You should receive a notification that the Template successfully imported. Press OK to acknowledge.
Drop the Template icon onto the NiFi canvas.
Add Template called AcquireTweetsStreamTweets.
You will notice on the process group called AcquireTwitterData, there is one yellow warning. Double click on that process group to enter it. Zoom in if needed. GrabGardenHose processor has the warning. The reason is that we need to update the Consumer API Key and Consumer API Secret Key and the Access Token and Access Token Secret in the processor's properties table for the warning to go away.
Table 24: Properties Tab
Property | Value |
---|---|
Twitter Endpoint | Filter Endpoint |
Consumer Key | <Your-Consumer-API-Key> |
Consumer Secret | <Your-Consumer-API-Secret-Key> |
Access Token | <Your-Access-Token> |
Access Token Secret | <Your-Access-Token-Secret> |
Languages | en |
Terms to Filter On | AAPL,ORCL,GOOG,MSFT,DELL |
Start the NiFi flow. Hold control + mouse click on each process group, then click the start option.
Once NiFi writes tweet data to Kafka on HDP, you can check the provenance events quickly by looking at the PublishKafka_0_10 processor inside the AcquireTwitterData process group.

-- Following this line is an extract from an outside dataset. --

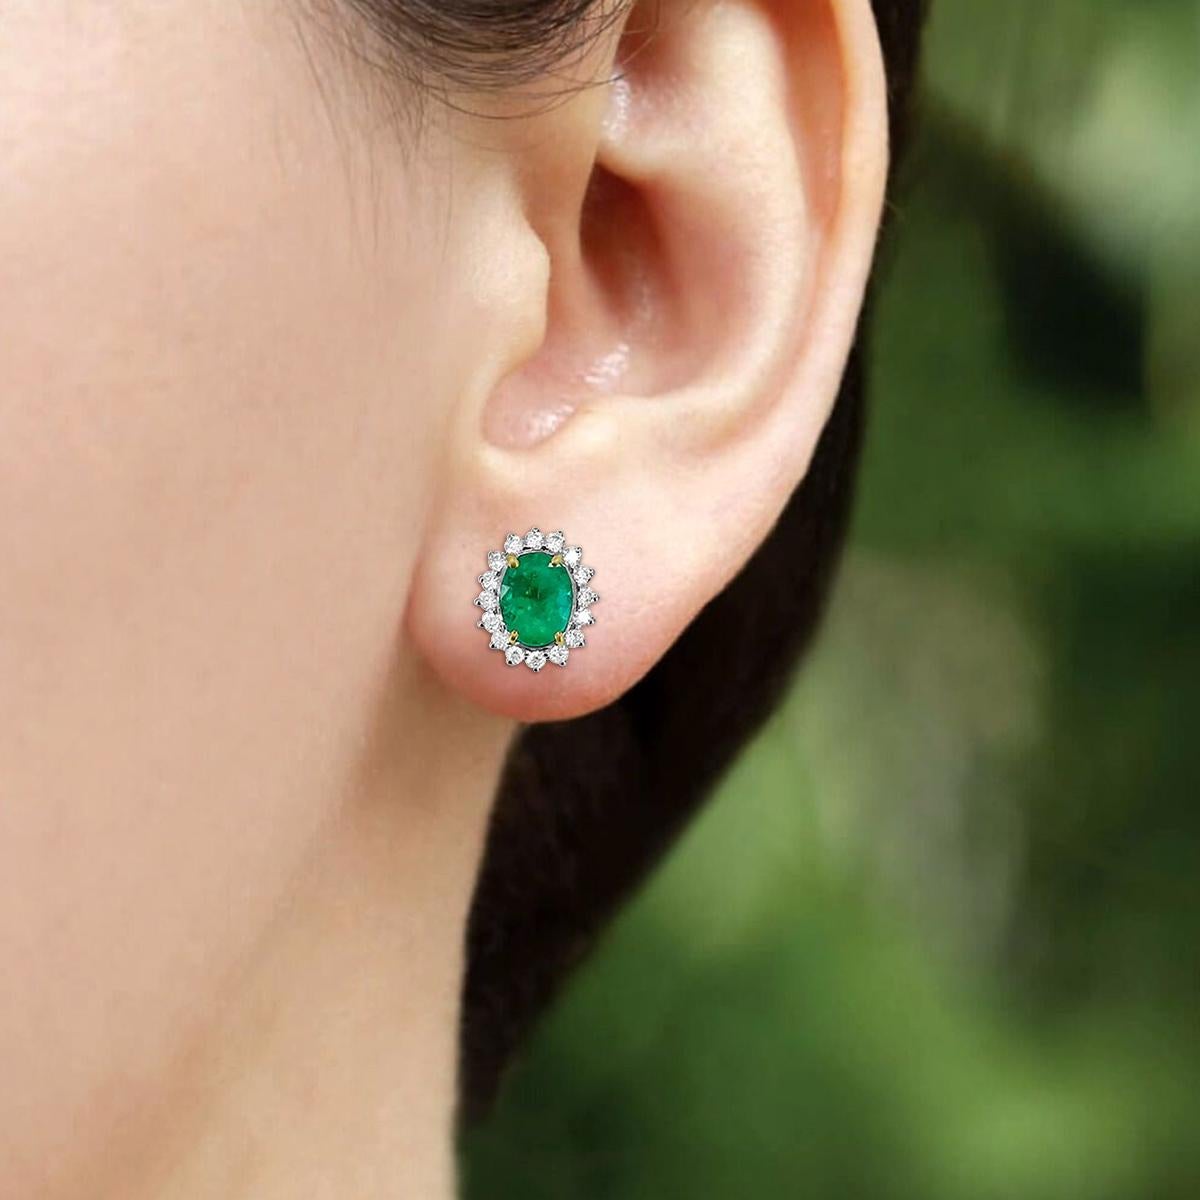 Oval Cut 18K White Gold 2.64cts Emerald and Diamond Earring. Style# TS8128E For Sale

To turn off a process group, you can do so by holding control + mouse click on for instance the AcquireTwitterData process group, then choose stop option.
Summary
Congratulations! You built two dataflows in their own separate process groups: AcquireTwitterData and StreamTweetsToHBase. Now using the AcquireTwitterData process group, we can acquire Twitter data from Twitter's Decahose stream API. The data pipeline filters for tweets before publishing messages into Kafka topic 'tweets', which is picked up by the external service Spark. The data pipeline also updates the flowfile content in JSON with key value pairs to that will help us do a calculation for sentiment score of each tweet in a later part of the demo. The other dataflow StreamTweetsToHBase ingests Kafka messages and streams the content to HBase.